LOUISVILLE, Ky. — Rick and Tanya were the first people Scott Marshall and I met here in Louisville. They had a little time before the afternoon shift, so they showed us around. The Louisville economy relied heavily on gambling, cigarettes and whiskey, Rick said. The Churchill Downs racetrack, Phillip Morris tobacco, and the worldwide center for commercial bourbon are all Louisville. He added that they also make a lot of baseball bats. Scott, who has been here many times, said it’s also a railroad and transportation center. Rick agreed, and said the Teamsters are the most important union in Louisville because UPS has a package hub here.
Our guides were pretty proud of Louisville’s artistic and cultural offerings. They pointed out the Muhammad Ali Peace Center is here, along with the Carl Braden Center. Scott wanted to see that, because he had known both Carl and Anne Braden back in the days when they were among the best-known civil-rights activists in the world. Carl, Rick told me, was sent to prison on bogus charges. His real crime had been to buy a house in a “white” neighborhood and try to sell it to an African American family!

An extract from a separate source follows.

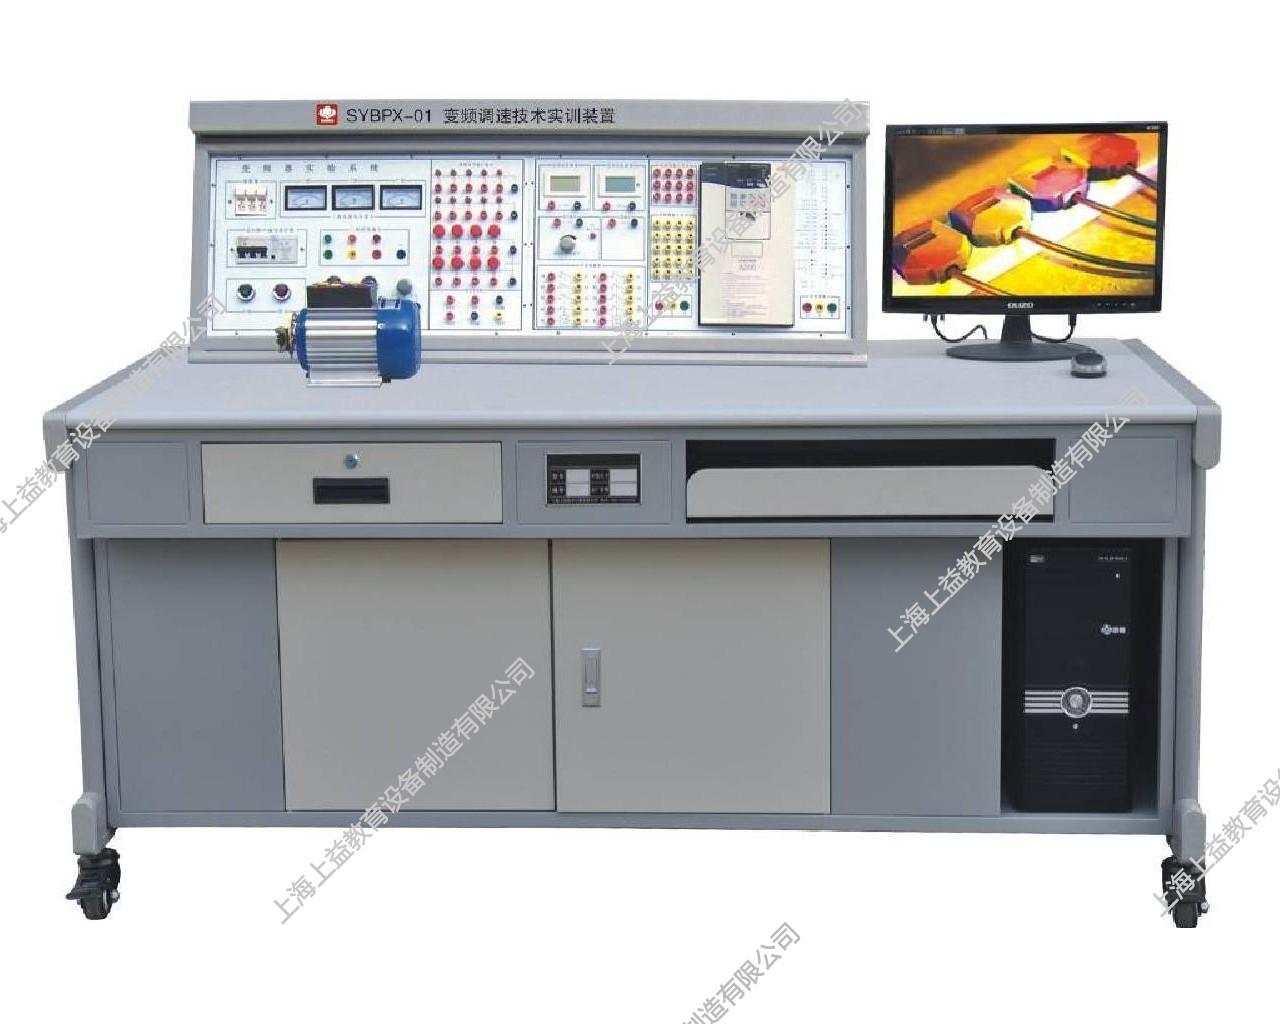 SYBPX-16变频调速技术wwwlehu8vip装置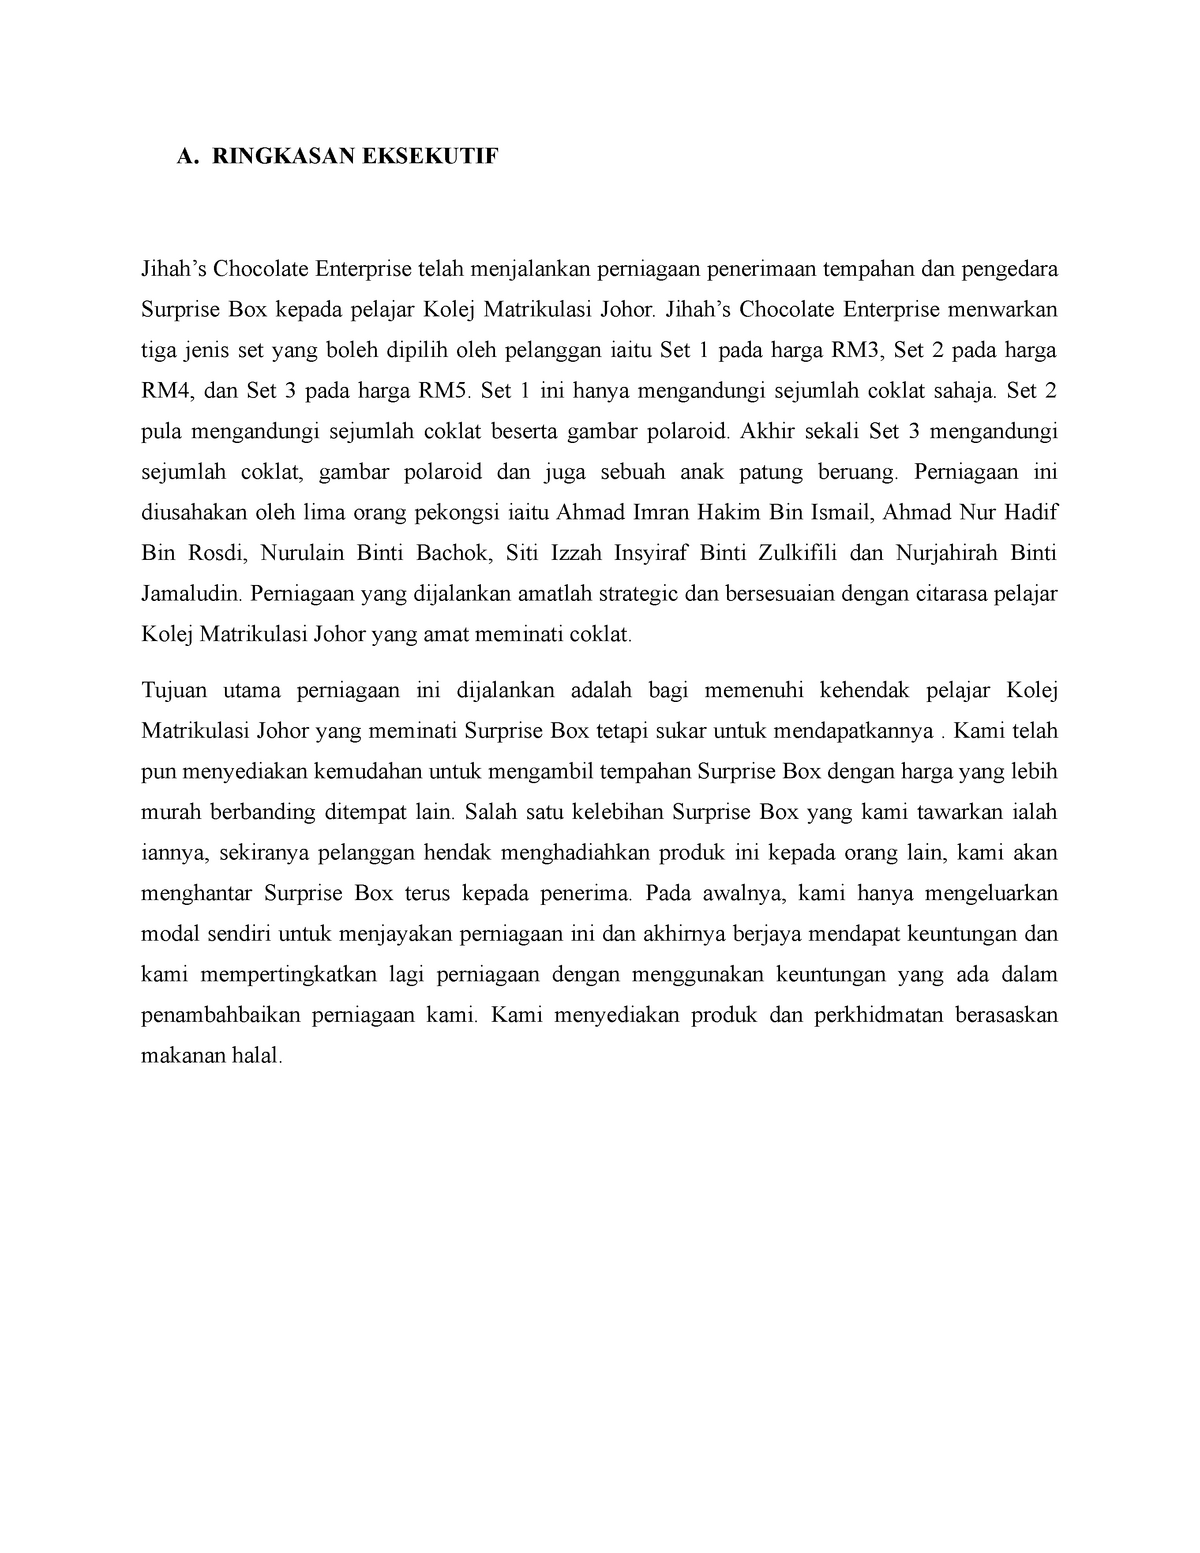 Ringkasan Eksekutif Executive Summary Malay Ringkasan Eksekutif Jihah Studocu

Scott had some pensive moments outside the center dedicated to his old comrades in the fight for justice. Louisville’s big political issues are similar to other cities: racism, especially against immigrants, corruption, and, more than anything else, the jobs crisis. Unemployment here even exceeds the national average, he said. The daily newspaper, the Courier-Journal, backed him up on that. It carried a long, front-page story about Ford autoworkers who had been laid off in July 2009. Most of their unemployment benefits had expired in June, but they did everything possible to stay in their homes. A bunch of them capitulated on November 14, and agreed to ship themselves off to a Chicago Ford plant for jobs with medical insurance. Most Kentuckians, of course, don’t even have that option.
Back at the motel, Scott and I e-mailed and called people for tomorrow’s meeting. They seemed pretty enthusiastic about joining the Communist Party. They are driving in from surrounding towns. They seem to bear out something that Scotty and I agreed to during our long driving hours across Texas, Arkansas, and Tennessee: People want to join the Communist Party because they see how terrible things are in America right now, and they want to be as effective as possible in making a change.